Radius of the sphere =5
Area of the circle (profile) = 78.5375
Surface area of the sphere= 314.15
Volume of the sphere= 523.5833
Surface area to Volume ratio = 0.6
12x profile surface area = 942.45
12x profile to standard surface area differential =3
12x profile surface area to Volume ratio = 1.8
12x profile and surface area to volume differential= 3
Radius of the sphere =6
Area of the circle (profile) = 113.094
Surface area of the sphere= 452.376
Volume of the sphere= 904.752
Surface area to Volume ratio = 0.5
12x profile surface area = 1357.128
12x profile to standard surface area differential =3
12x profile surface area to Volume ratio = 1.5
12x profile and surface area to volume differential= 3
Uh oh, looks like the hard math is against you here. It doesn't matter if you try to quantify 12 different profiles of the sphere, go just by surface area, or go by volume, the results are the exact same mathematical ratios.
The ratio of surface area to volume, as well as all these other basic geometry equations, were established in math thousands of years ago. I assume we can just accept those as pure truth.
As I've shown here, using a predefined set of profiles will produce a quantity that will have a fixed ratio to the actual surface area of the set of objects (in this case that differential was that the profile views produced a number that was exactly 3x the actual surface area). And, of course, the profile area to volume ratio was also exactly 3 times the normal value. There will be a certain amount of deviation between the profiles and the actual surface area, but that deviation will only result in the elimination of surfaces that do not contribute to volume. Thus, profile is probably more accurate to volume than pure surface area is to volume.
So if we scaled all mechs using a process like I've done here, basically taking a limited number of profiles and quantifying the basic area of the shapes it produces to coalate a sort of surface area measurement, it would produce a scale that would have the same relative results as if you just did it by surface area or by volume.
Except, here's the thing... you've just demonstrated that you're wasting your time doing profiles, since it's just going to spit out surface area anyway.
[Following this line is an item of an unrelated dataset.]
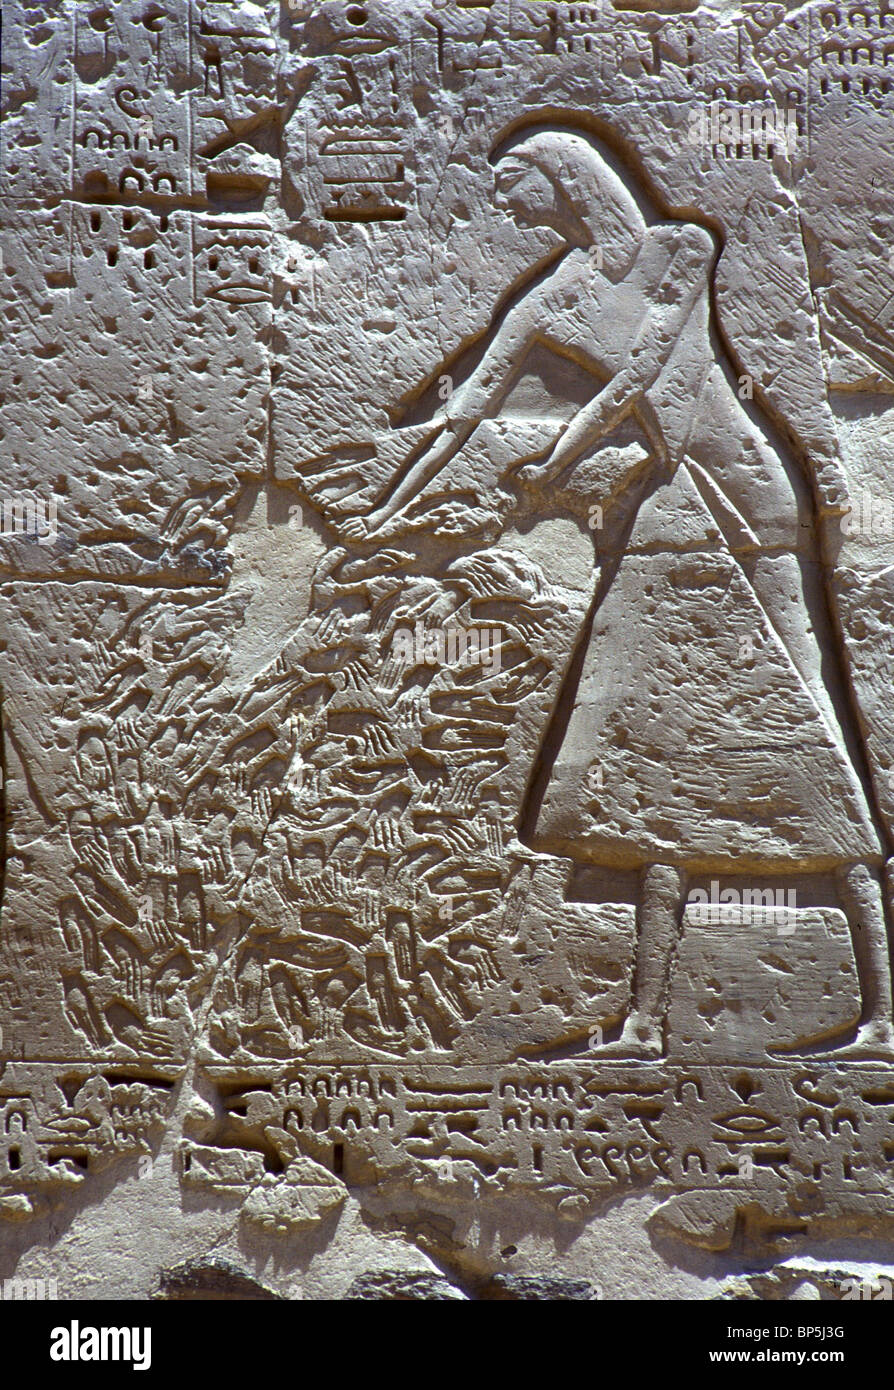 ÄGYPTISCHEN BEAMTEN ZÄHLEN DIE ABGETRENNTEN HÄNDE DER FEINDLICHEN TOTEN UM FESTZUSTELLEN, DIE ZAHL DER FEINDLICHEN SOLDATEN GETÖTET Stockfoto

You can just get get that right from your modeling software and it'd take a mere few seconds. You've also just demonstrated that profiles work better than surface area because it eliminates junk surfaces from your consideration. Of course, measuring by volume already does that. And, like surface area, we can just open our model file and get the volume of that model in seconds.
Sooooo, ergo and ipso facto...
VOLUME, is by far the smartest, easiest, most effing fool-proof and objective way to do this. So sayeth the maths. But even if it wasn't, any objective standard will yield the same relative result. It's just going to get you there a LOT slower.
And please, explain to me again how there's no correlation between surface area and profile. You were spouting off something about "nonsense" and "doesn't exist." Cuz, I dunno... that math up there? Pretty definitively says there is.
Edited by ScarecrowES, 06 May 2016 - 06:49 PM.